_TASK REQUIREMENTS_
Do not repeat pictures. Repeat exactly the lines of the listing below from its first line through the line with "Airworthy Polikarpov I".

_INFORMATION PROVIDED_
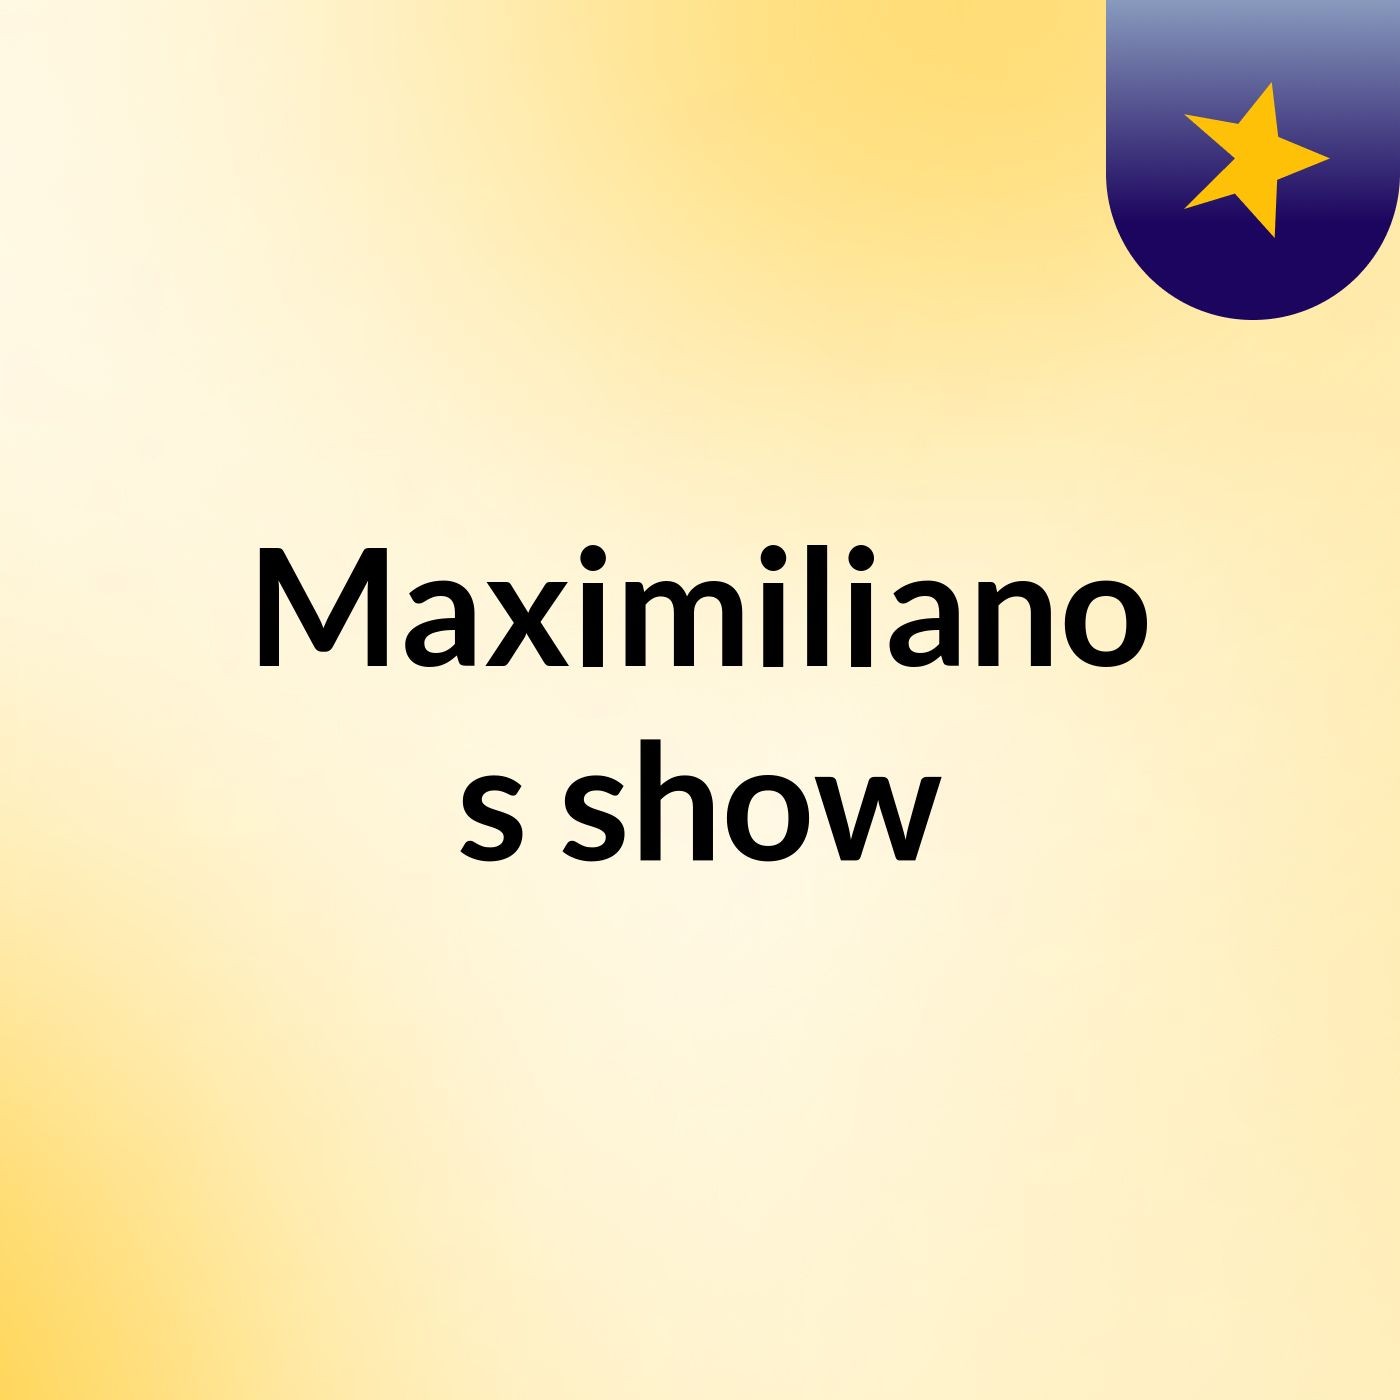 Maximiliano's show
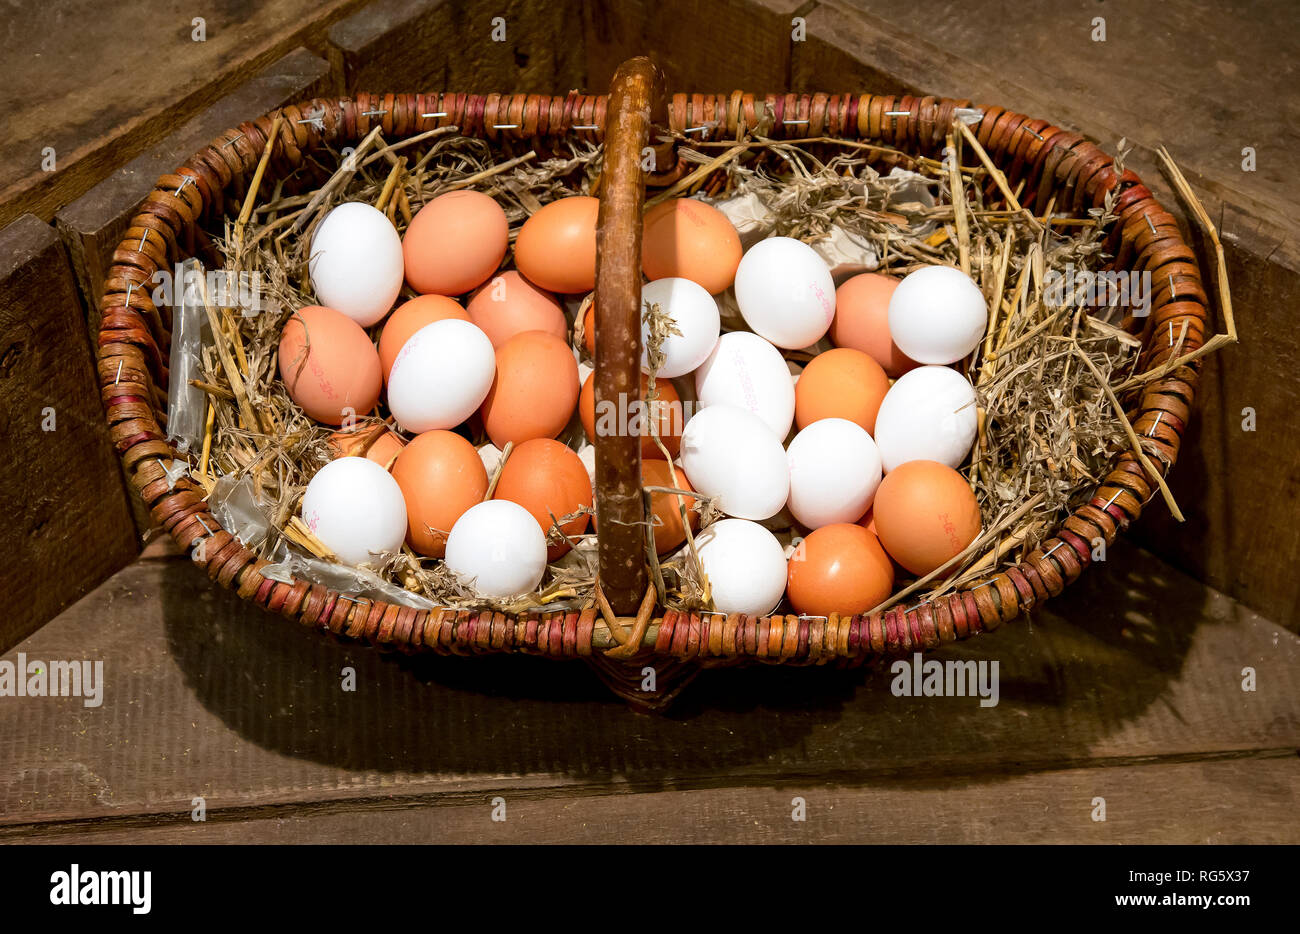 Marrone e bianco uova giacente sulla paglia in un cesto di vimini, farm shop, asparagi farm Schulte-Scherlebeck, Braune und weisse Eier liegen auf Stroh im Weid Foto Stock
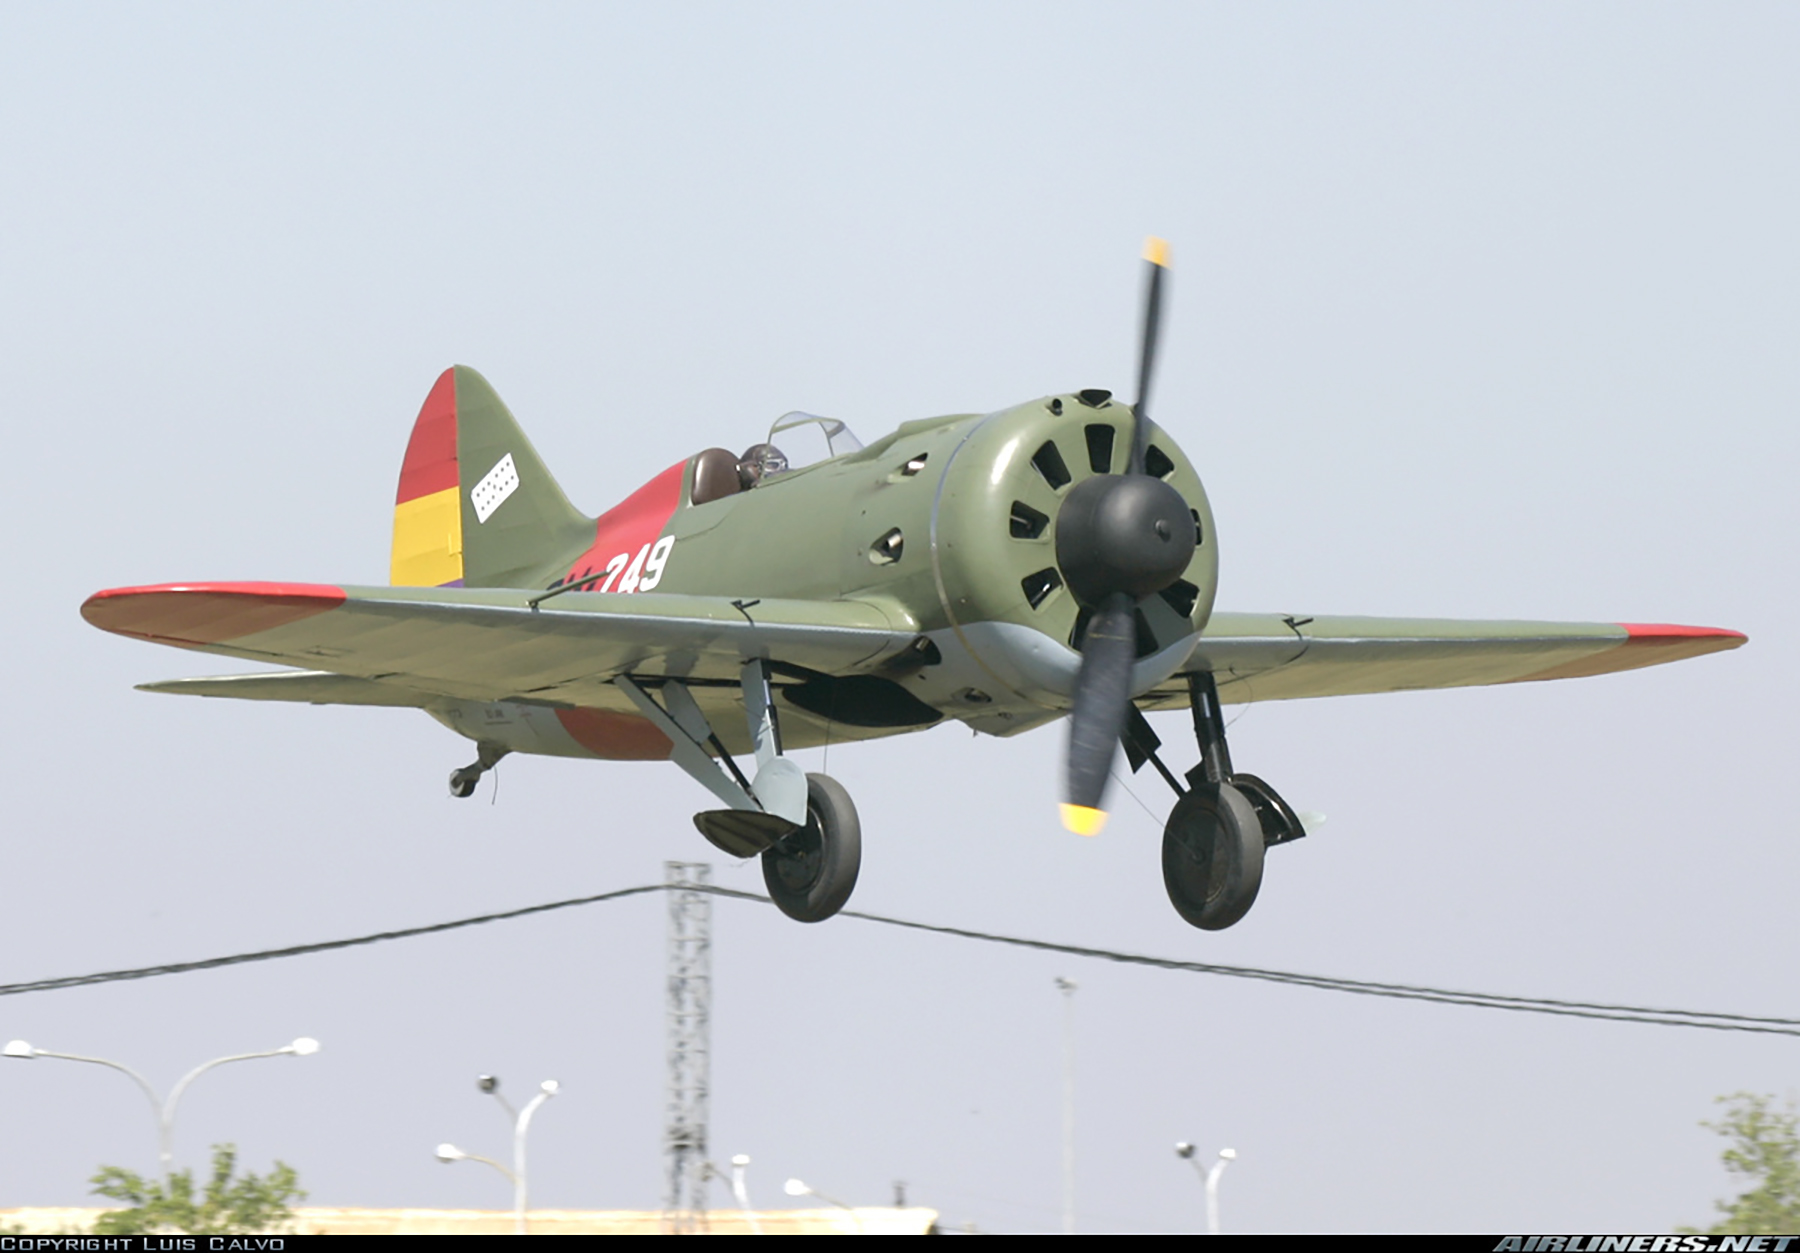 Airworthy Polikarpov I 16 type 24 cn 2421039 flying as Spanish Republican AF CM249 SCW 05
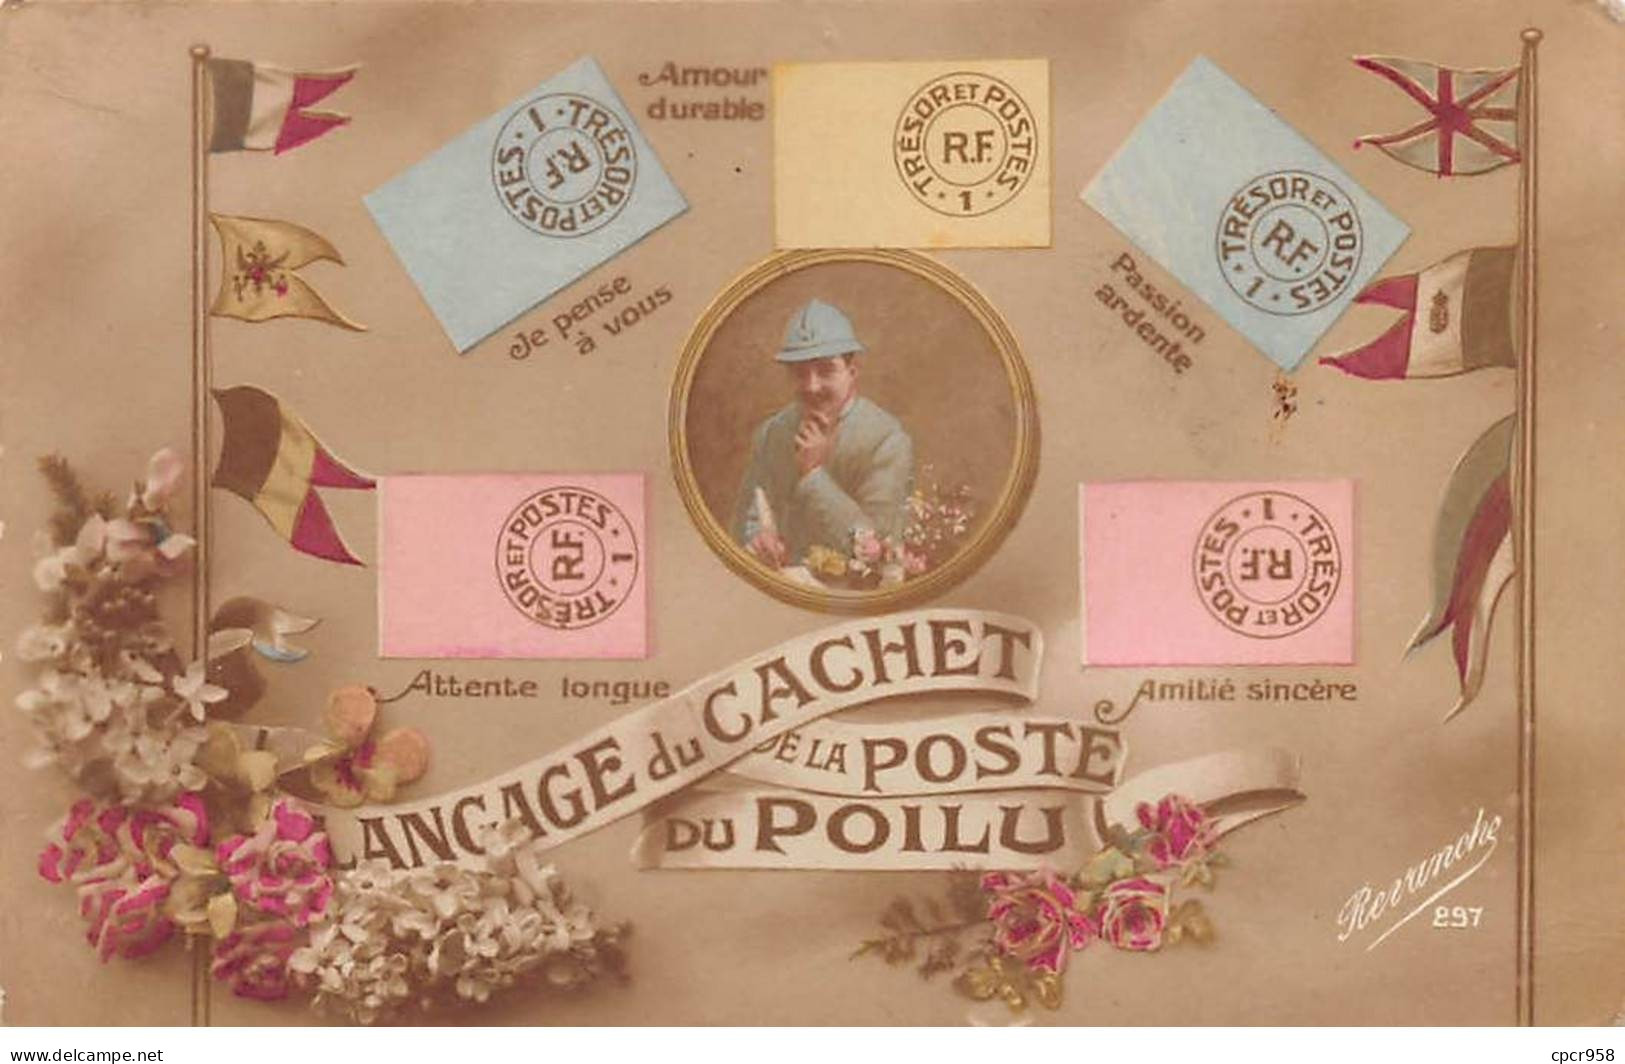 Représentations Timbres - N°90875 - Langage Du Cachet De La Poste Du Poilu - Amour Durable, Passion Ardente .... - Briefmarken (Abbildungen)

_EXERCISE OUTPUT_
 Maximiliano's show
 Marrone e bianco uova giacente sulla paglia in un cesto di vimini, farm shop, asparagi farm Schulte-Scherlebeck, Braune und weisse Eier liegen auf Stroh im Weid Foto Stock
 Airworthy Polikarpov I 16 type 24 cn 2421039 flying as Spanish Republican AF CM249 SCW 05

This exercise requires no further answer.